The successive 5 ionisation energies of an element are 800, 2427, 3658, 25024 and 32824 kJ/mol, respectively. By using the above values predict the group in which the above element is present:

We are given five successive ionization energies of an element: 800, 2427, 3658, 25024, and 32824 kJ/mol. We need to predict the group of this element.

The key to determining the group is finding where a dramatic increase occurs between consecutive ionization energies:

- IE$$_1$$ = 800 kJ/mol

- IE$$_2$$ = 2427 kJ/mol (ratio to IE$$_1$$ = 3.0)

- IE$$_3$$ = 3658 kJ/mol (ratio to IE$$_2$$ = 1.5)

- IE$$_4$$ = 25024 kJ/mol (ratio to IE$$_3$$ = 6.8) -- Huge jump!

- IE$$_5$$ = 32824 kJ/mol (ratio to IE$$_4$$ = 1.3)
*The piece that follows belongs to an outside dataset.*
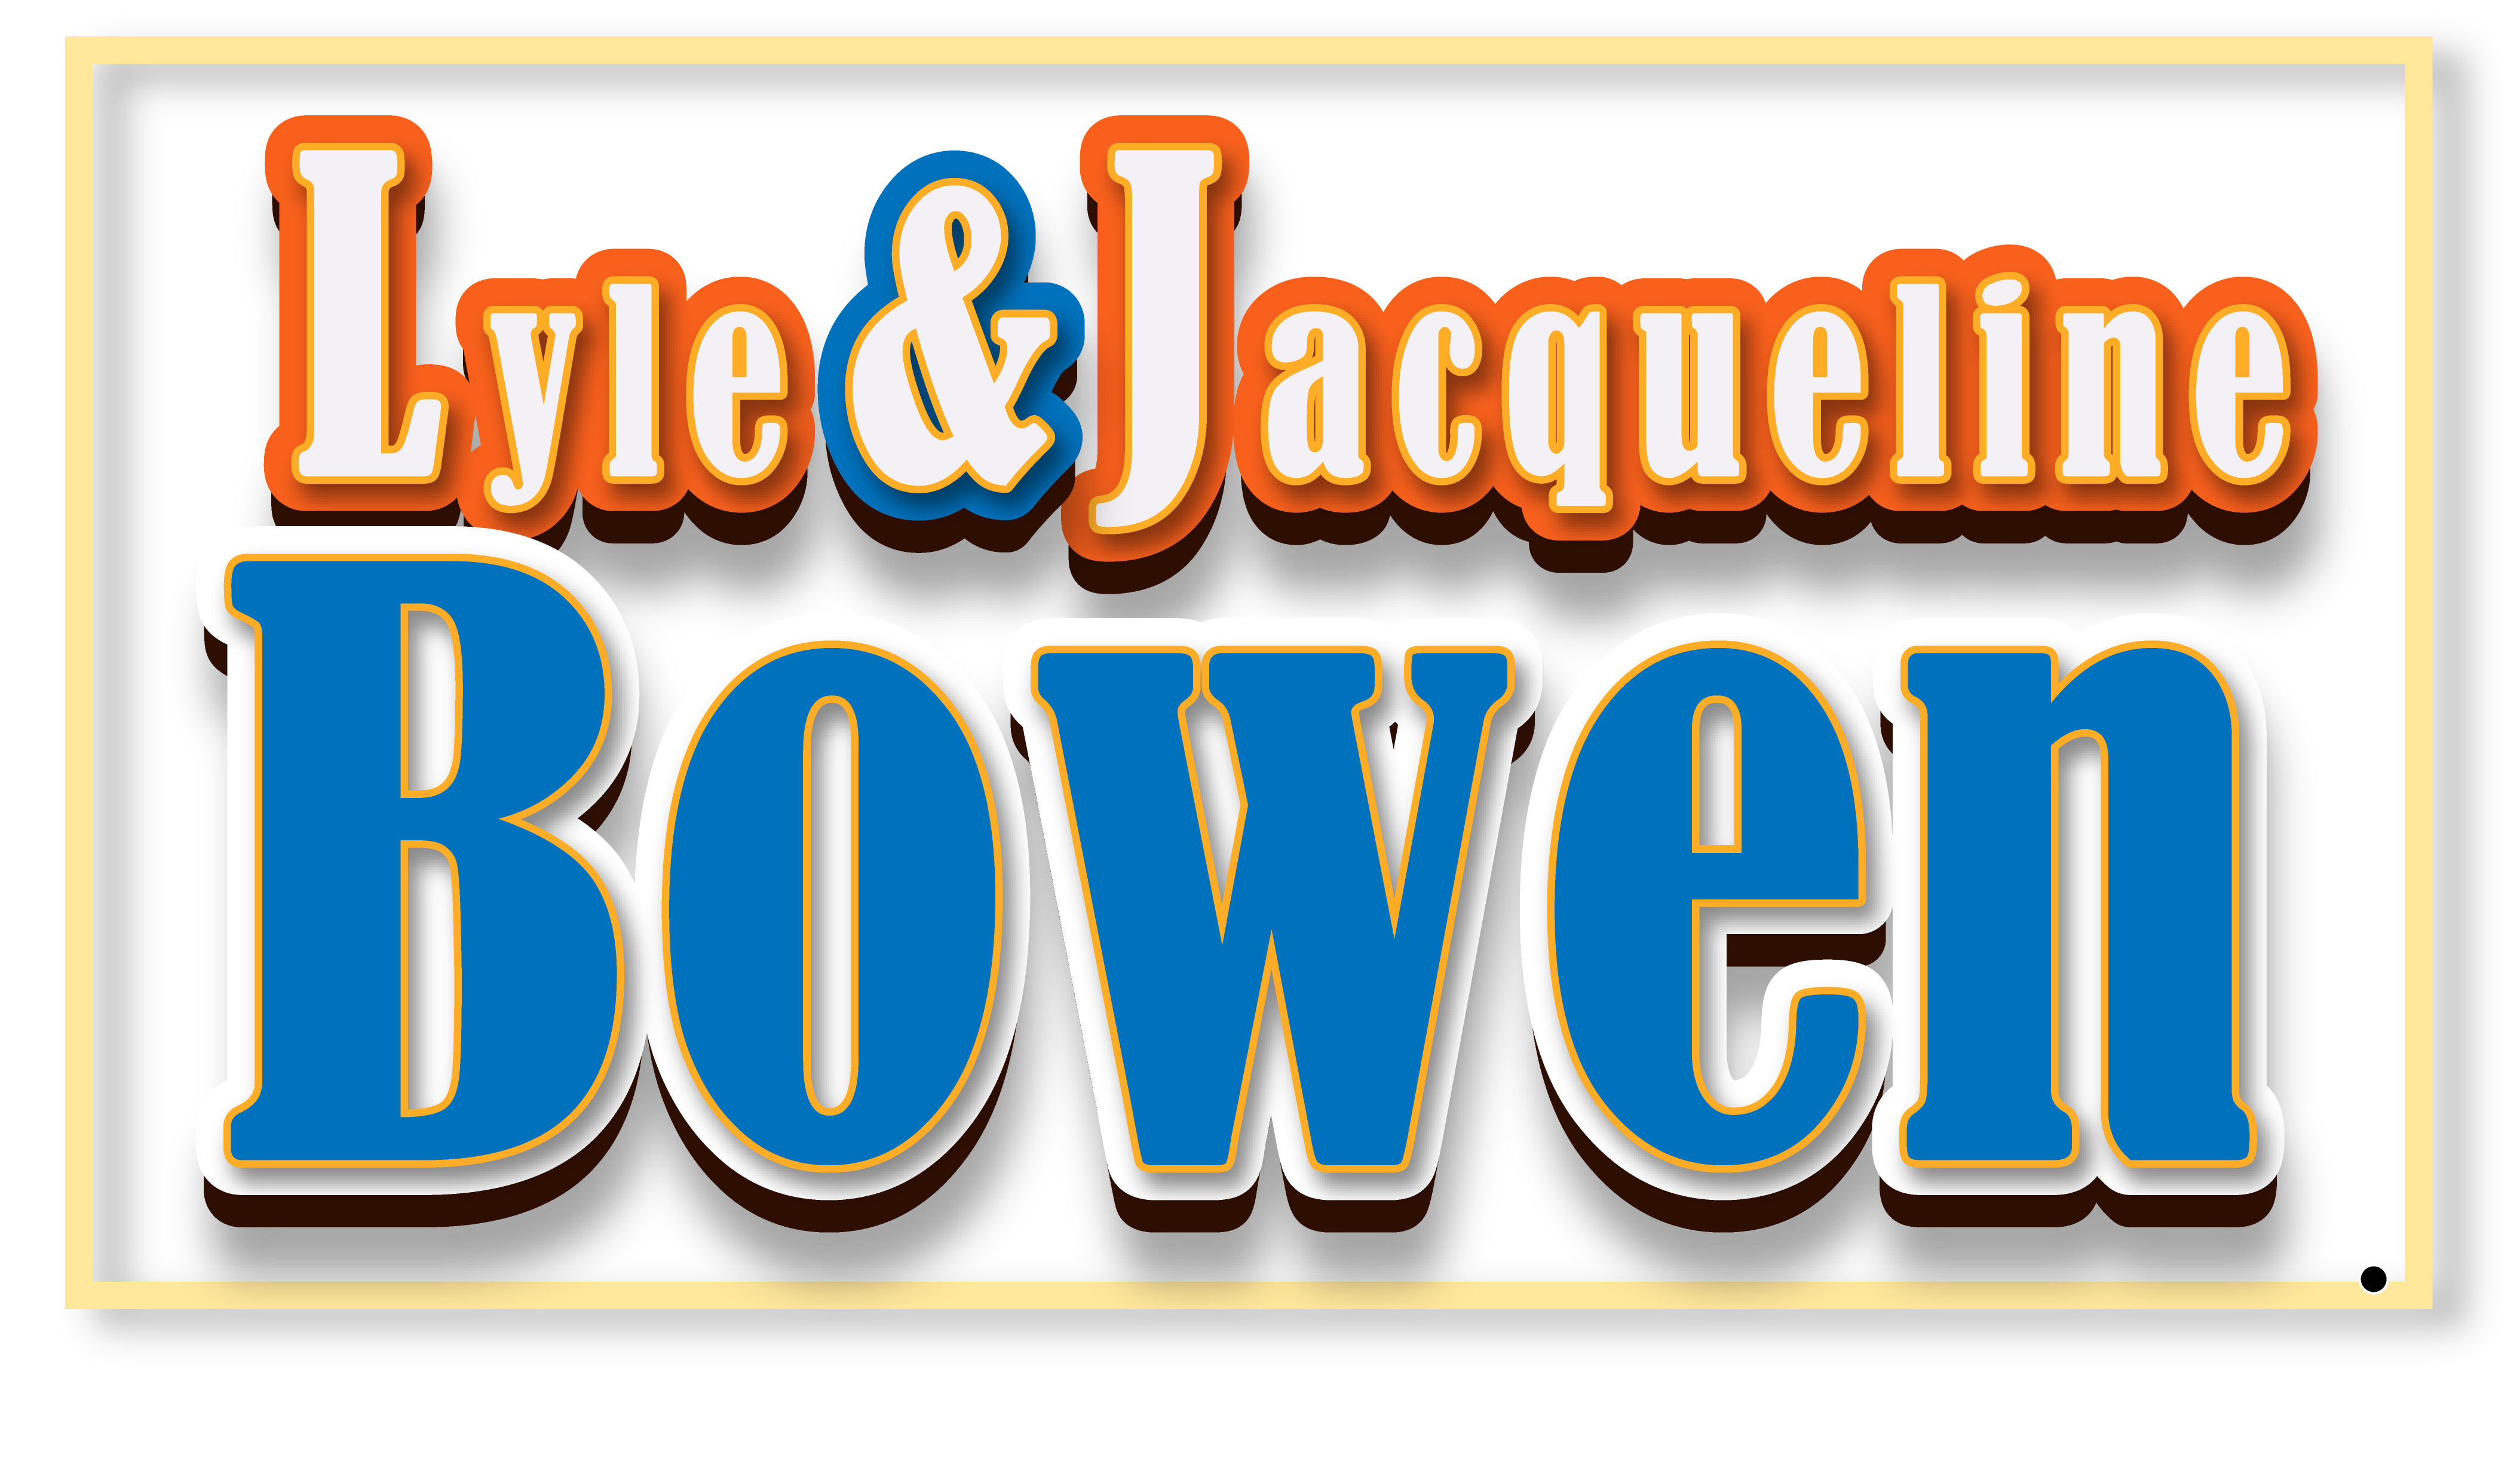 Lyle & Jacqueline Bowen

There is a massive jump between IE$$_3$$ (3658) and IE$$_4$$ (25024) -- nearly a 7-fold increase. This indicates that the first three electrons are relatively easy to remove (valence electrons), while the fourth electron comes from an inner, more stable shell.

An element with 3 valence electrons belongs to Group 13 (the Boron group). The electronic configuration would be of the form $$[\text{noble gas}] \, ns^2 \, np^1$$, giving 3 valence electrons before reaching the noble gas core.

The correct answer is Option 1: Group 13.